Archive for July, 2009

Traversing the content hierarchy

July 28, 2009

When you play around with websites, you often get a good feeling how much “engineering” work and thoughts are put into the site. Think of things like SQL injection and shell escape injection, which were a problem a few years ago. If you encounter today a site which is vulnerable to such a problem, it’s either a problem of the budget (which is a lame excuse because modern frameworks avoid such problems) or the skill of the developer. An up-to-date site isn’t affected anymore by such problems.

A problem, which is clearly visible, but often not known to application developers and architects is the content structure, which is exposed to the user by the URL. Consider the following small example for a simple content structure:

/content/brand/en/home

for the startpage of a CQ-based website. The “home”-handle is the startpage and is thus called via

www.example.com/content/brand/en/home.html

So, where’s the problem? Well, most templates provide a kind of HTML representation of their content. So let’s try

www.example.com/content/brand/en.html

maybe also a structure handle such as the language node (which is often just used to differentiate between languages) does also provide a HTML representation of its content; so it could just render its child nodes as a dotted list.

So, what’s then? Does it harm, if you reveal, that you provide beside english also chinese content? No, it doesn’t. Most times it doesn’t. But when you already have fresh content ready, but not yet linked? It would appear in such a list. Or if you have “hidden content”, functions which are known only to a small group of people? Things, which aren’t secured by authentication and authorization. Suddenly someone has found your private data and could make use of it.

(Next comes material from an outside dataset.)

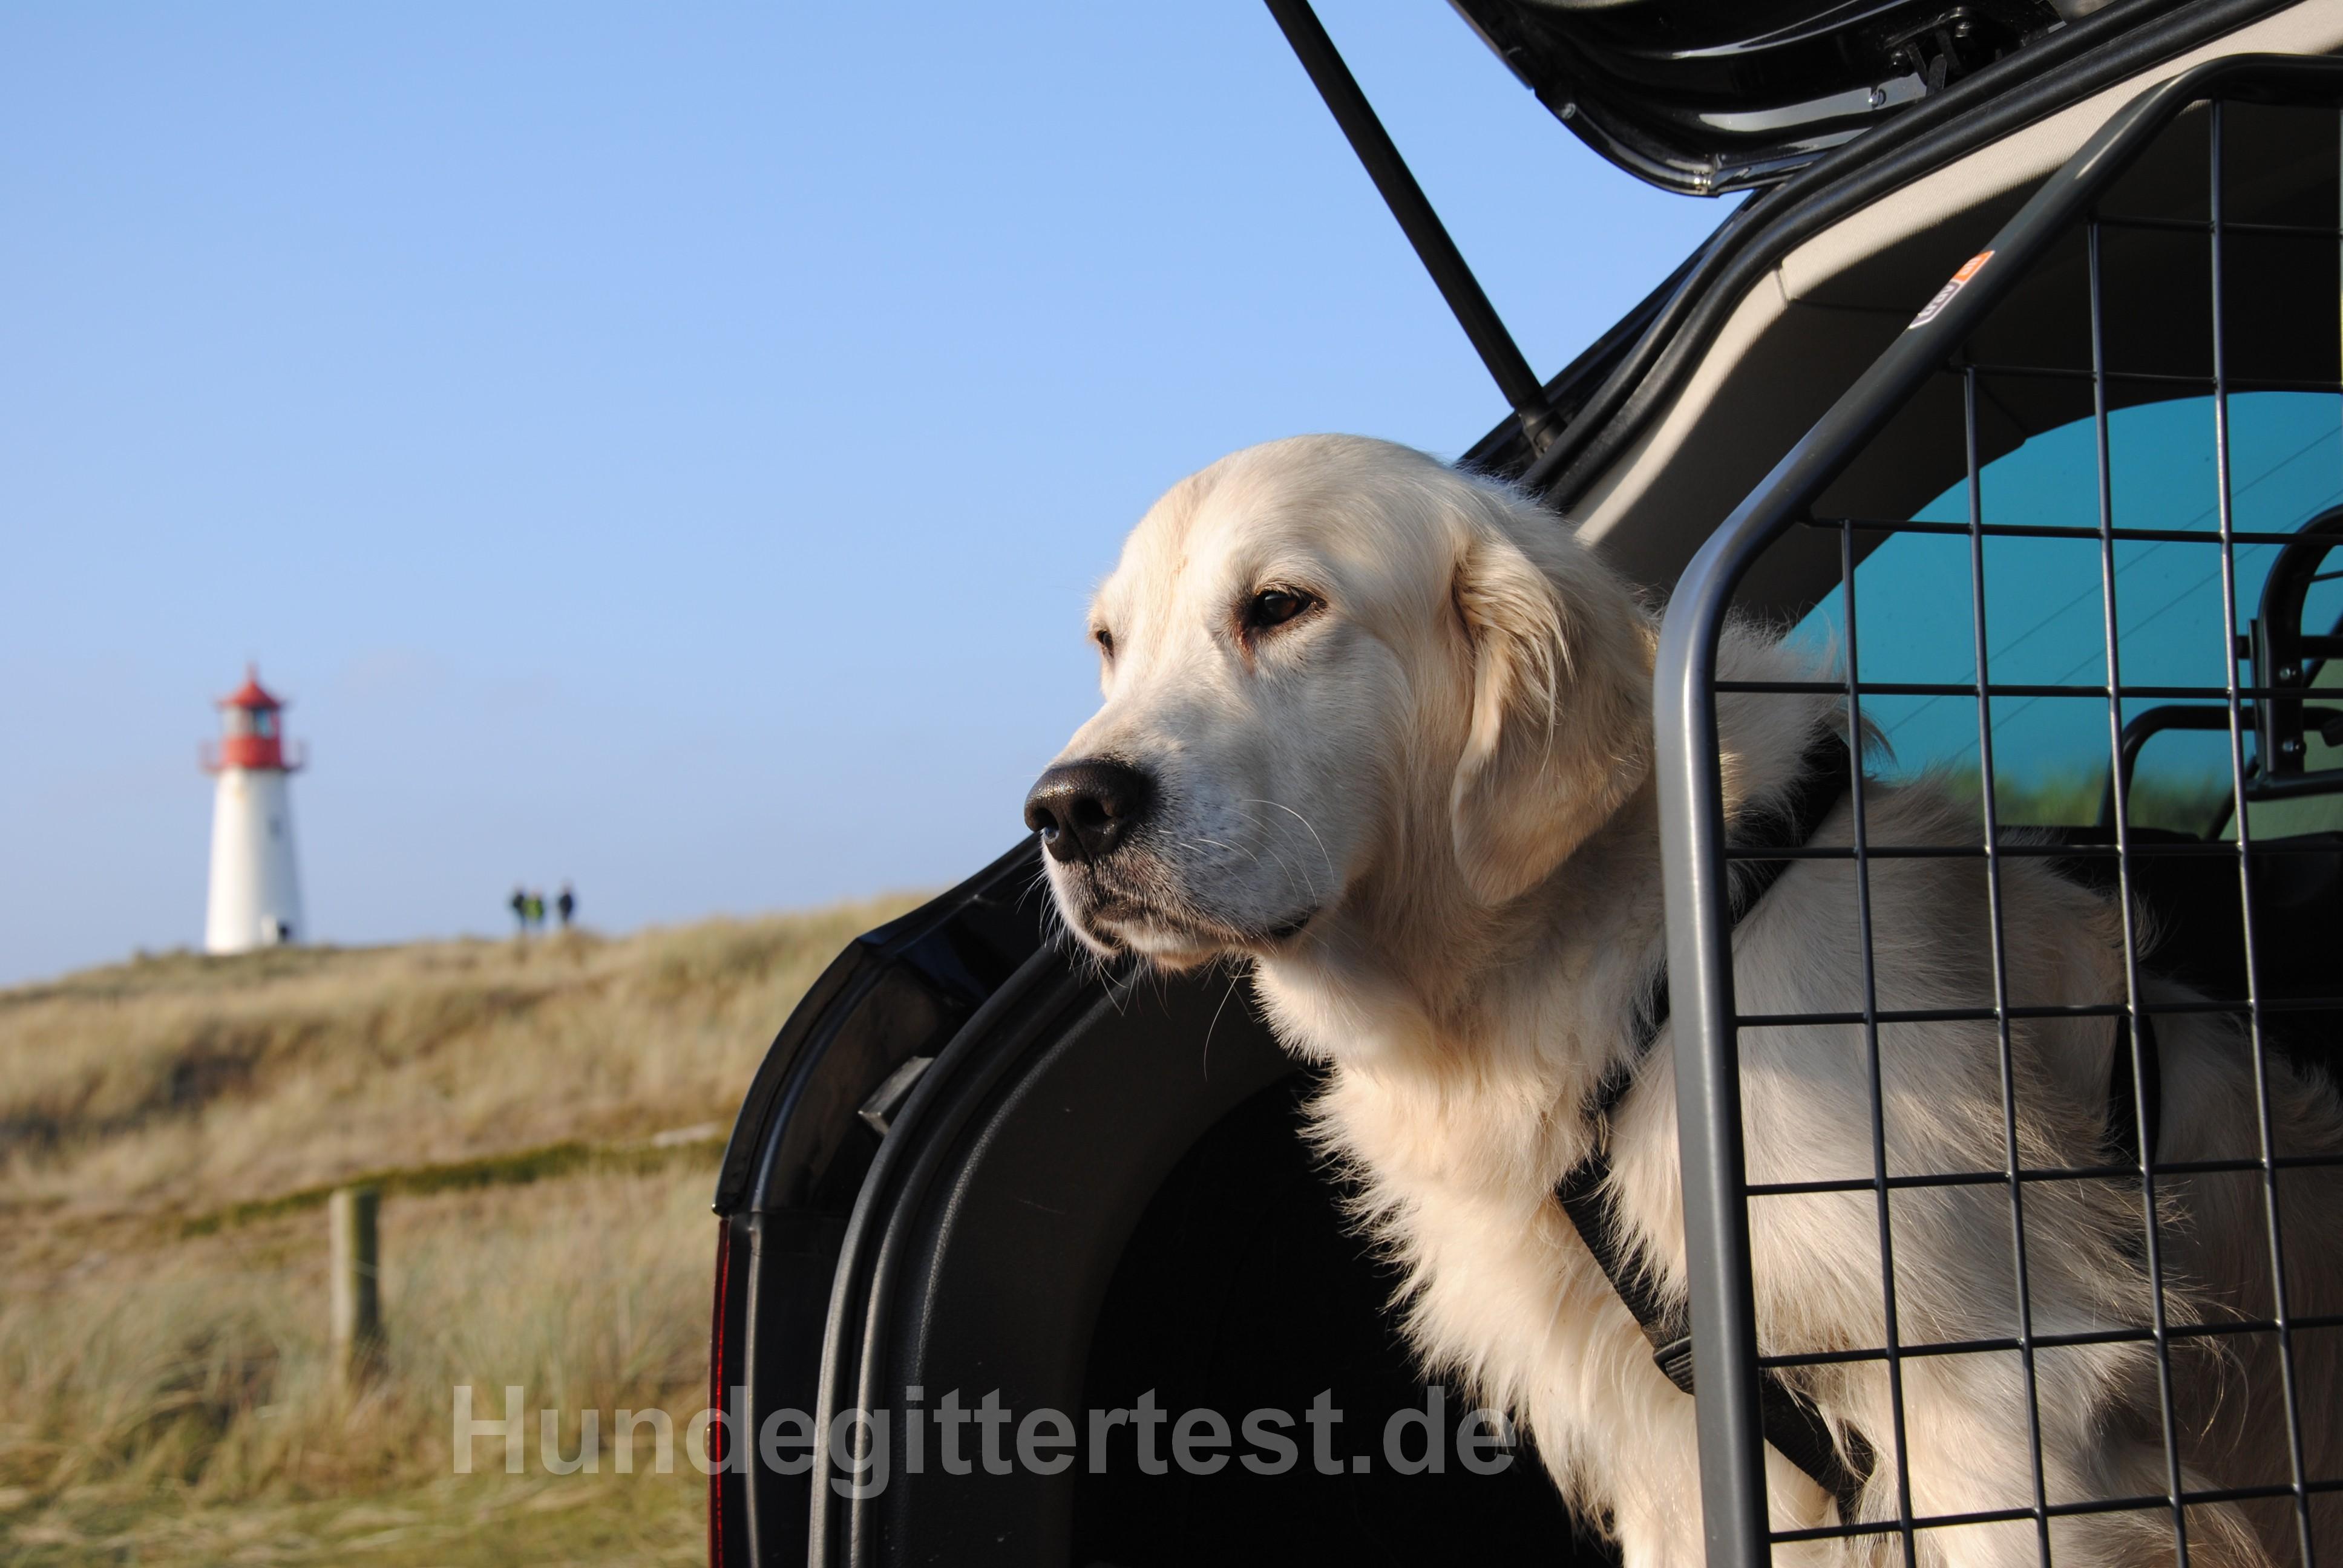 Hundegitter für den sicheren Transport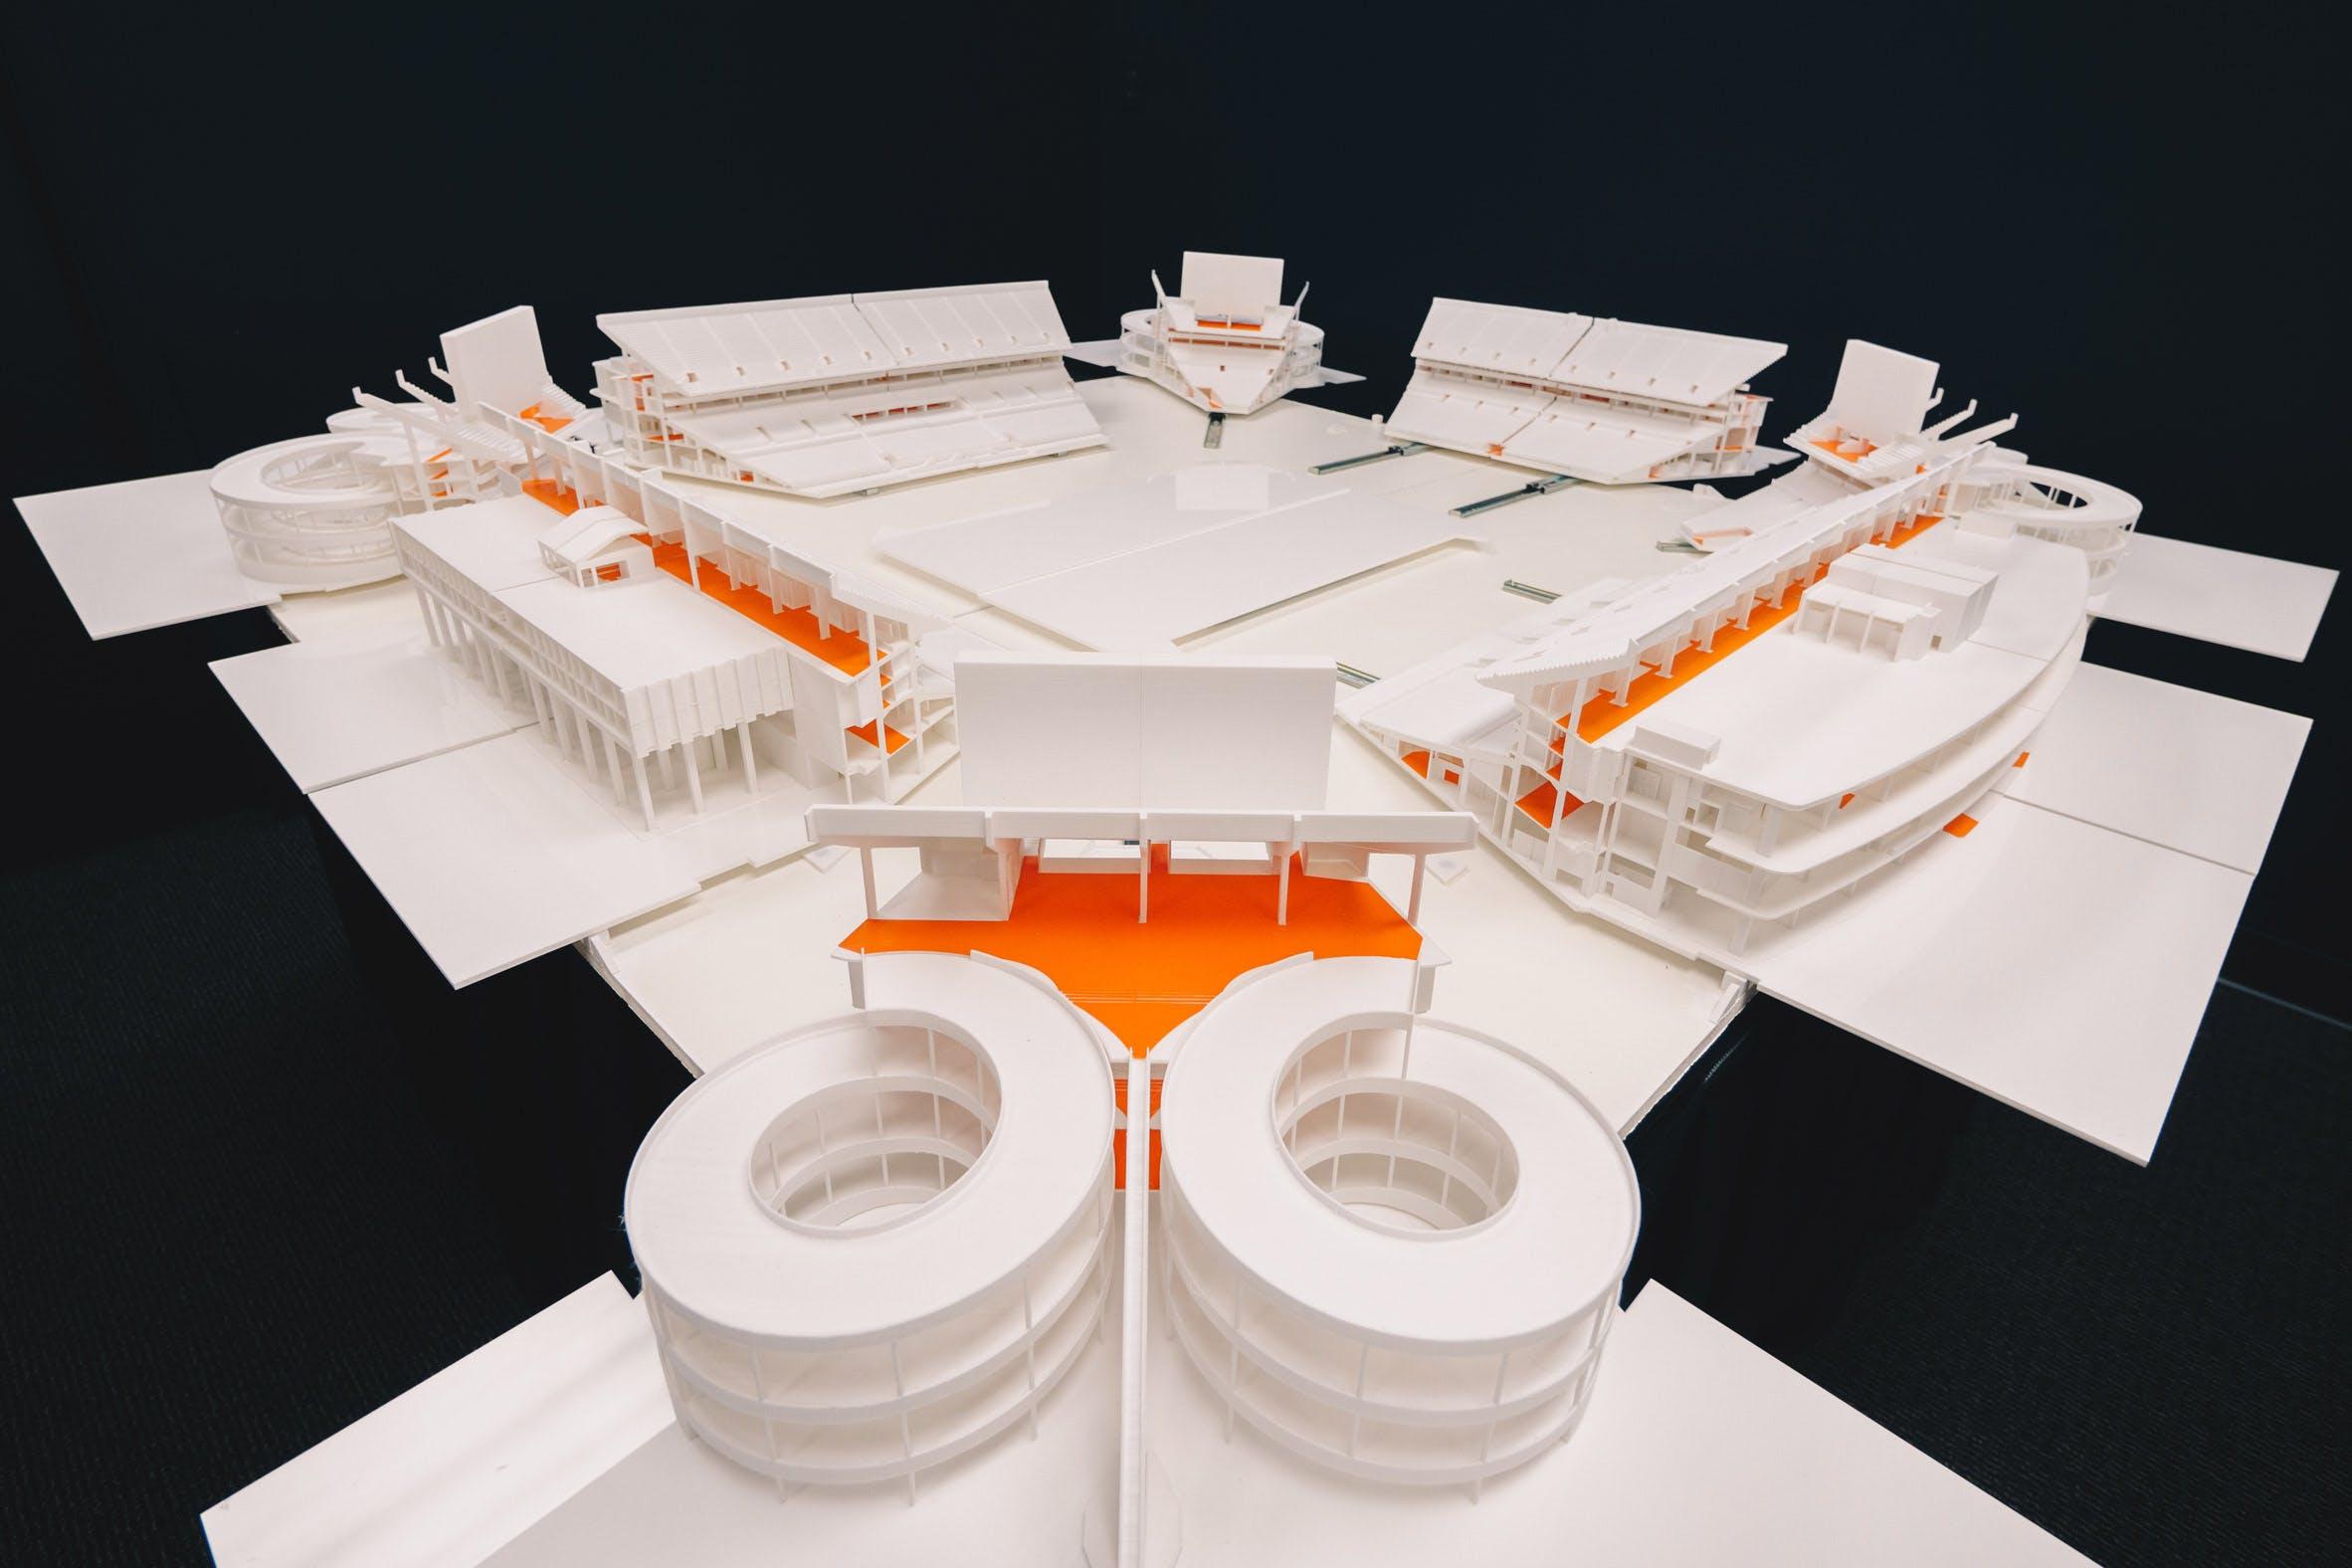 3D printed Hard Rock Stadium. Photo via Florida International University.

The trash can for functionality is often a folder named “tools”; developers tend to place everything there which doesn’t fit well into any other category. So you can find there contact forms, search functionality and other stuff. So what happens if you call

www.example.com/content/brand/en/home/tools.html

Does it also your show unused/crappy/new functions, which aren’t used in the website, but are still there? Because for convenience some developer thought, it would be cool to have all tools listed without major hassle (1 bookmark instead of 10). Bad idea, you just showed all your available tools to someone, who shouldn’t see them.

So check you your site, that strucutre nodes, which are only used to structure your content, cannot be rendered at all or don’t reveal any information, which could be useful for an attacker. Either return an empty page or (suggested) return the HTTP statuscode “403″ (access denied). Don’t reveal data when it isn’t necessary. A well-engineered site also takes care of such “attacks” and doesn’t reveal any data which could be of use for a potential attacker.

I’ve already done such tests on several CQ-based websites and found (beside some other things) a monitoring page (containing version information of used libraries) and also a hidden webspecial which was dedicated to a member of the webteam, heading for another location (hi, Katrin!). All of these information were public viewable (on a major corporate website!) just by playing around with path names and following then links.

Disk usage

July 6, 2009

Providing enough free disk space is one of the most urgent task for every system administrator. Applications often behave strange when the disks runs out of free space and sometimes data gets corrupt if the application is badly written.

Under Unix the 2 tools to determine the usage of the disk are “du” (disk usage) and “df” (disk free). With “du” you can determine the amount of space a certain directory (with the files and subdirectories in it) consume. “df” shows on a global level the amount of used and free disk space per partition.

Given the case, that you give the same directory (which is also a mountpoint) to both “du” and “df” as parameters. This directory contains a full CQ application with content and versions. You will probably get different results. When we did it, “df” showed about 570 gigabyte used disk space, but “du” claimed, that only 480 gigabyte are used. We checked for hidden directories, open files, snapshots and other things, but the difference of about 90 gigabyte remained.

This phenomenon can be explained quite easy. “du” accumulates the size of files. So if a file has 120 bytes in size, it adds 120 to the sum. “df” behaves differently, it counts block-wise, which are the smallest allocation unit of a unix filesystem (today most blocks are 512 bytes large by default). Because the only one file per block is possible, the 120-byte file uses a full block, leaving 392 bytes unused in that block.

Usually this behaviour is not apparant, because the number of files is usually rather small (a few to some ten thousand) and they are large, so the unused parts are at max 1 percent of the whole file size. But if you have a CQ contentbus with several hundert thousands of files (content + versions) with a lot of small files, this part can grow to a level, where you’d ask your system administrator, where the storage is gone.

So dear system administrator, there’s no need to move your private backup off the server, just tell the business, that their unique content structure needs a lot of additional disk space. :-)